Comment 26 Rhys Kidd 2018-02-22 23:32:15 UTC
Hi Andy,
Have been slowly making my way through the outstanding valgrind issues on modern macOS, ensuring patches are clean to merge upstream and sufficient regression tests are in place so we don't unwittingly regress in future. I too would like to see it go faster, so I share your frustration.

One thing that would be great if you could confirm the proposed patch to valgrind here [0] does actually fix the bug you reported.

Note: you may well hit another subsequent bug, perhaps even reported already here on bugs.kde.org, but if you no longer see the existing error message that would be a great help to know.

[0] https://bugs.kde.org/attachment.cgi?id=109081
Comment 27 Andy 2018-02-23 12:21:52 UTC
Rhys:

Thank you for your work on this.
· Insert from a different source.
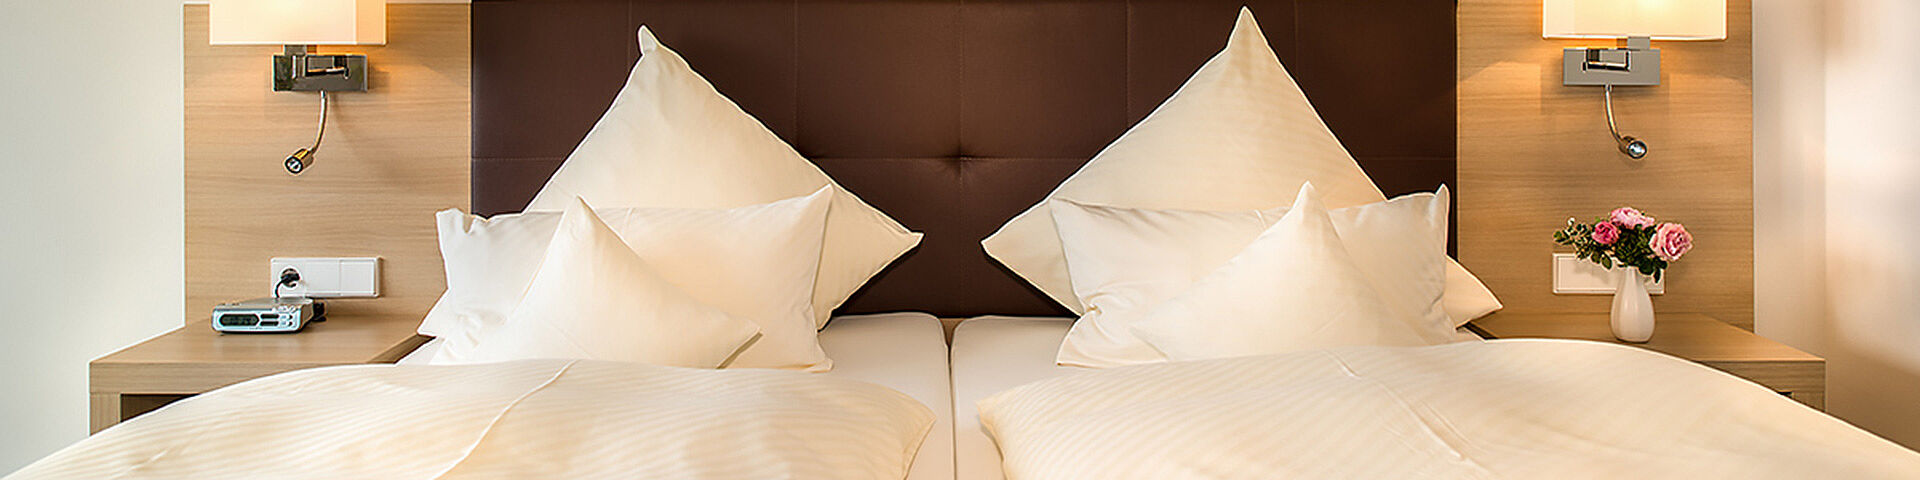 Ein Doppelbett mit Kissen und Bettdecke ist zu sehen.

Very much appreciated!

I applied Alex's patch and ran (1) nulgrind against my test example and (2) nulgrind against small Qt app. It does indeed get past this issue and on to others.
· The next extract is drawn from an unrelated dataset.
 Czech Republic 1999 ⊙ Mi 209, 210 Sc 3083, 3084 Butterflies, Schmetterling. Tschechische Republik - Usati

On my test example (1), it can't find the dSYM for some reason (or it isn't generated properly):

$ valgrind --tool=none ./valgrind-test2.app/Contents/MacOS/valgrind-test2
==9410== Nulgrind, the minimal Valgrind tool
==9410== Copyright (C) 2002-2017, and GNU GPL'd, by Nicholas Nethercote.
==9410== Using Valgrind-3.14.0.GIT and LibVEX; rerun with -h for copyright info
==9410== Command: ./valgrind-test2.app/Contents/MacOS/valgrind-test2
==9410==

valgrind: m_debuginfo/debuginfo.c:452 (void discard_or_archive_DebugInfo(DebugInfo *)): Assertion 'is_DebugInfo_active(di)' failed.

host stacktrace:
==9410==    at 0x258010AFB: ???
==9410==    by 0x258010E9C: ???
==9410==    by 0x258010E73: ???
...

Running nulgrind on a small Qt program (2) gives a new error:

$ valgrind --tool=none ./some_app.app/Contents/MacOS/some_app
==9519== Nulgrind, the minimal Valgrind tool
==9519== Copyright (C) 2002-2017, and GNU GPL'd, by Nicholas Nethercote.
==9519== Using Valgrind-3.14.0.GIT and LibVEX; rerun with -h for copyright info
==9519== Command: ./some_app.app/Contents/MacOS/some_app
==9519==
QML debugging is enabled. Only use this in a safe environment.
--9519-- UNKNOWN mach_msg unhandled MACH_SEND_TRAILER option
--9519-- UNKNOWN mach_msg unhandled MACH_SEND_TRAILER option (repeated 2 times)
--9519-- UNKNOWN mach_msg unhandled MACH_SEND_TRAILER option (repeated 4 times)
==9519==
==9519== Process terminating with default action of signal 11 (SIGSEGV)
==9519==  Access not within mapped region at address 0x18
==9519==    at 0x10677D2B1: ??? (in /usr/lib/system/libsystem_pthread.dylib)
==9519==    by 0x10677D07C: ??? (in /usr/lib/system/libsystem_pthread.dylib)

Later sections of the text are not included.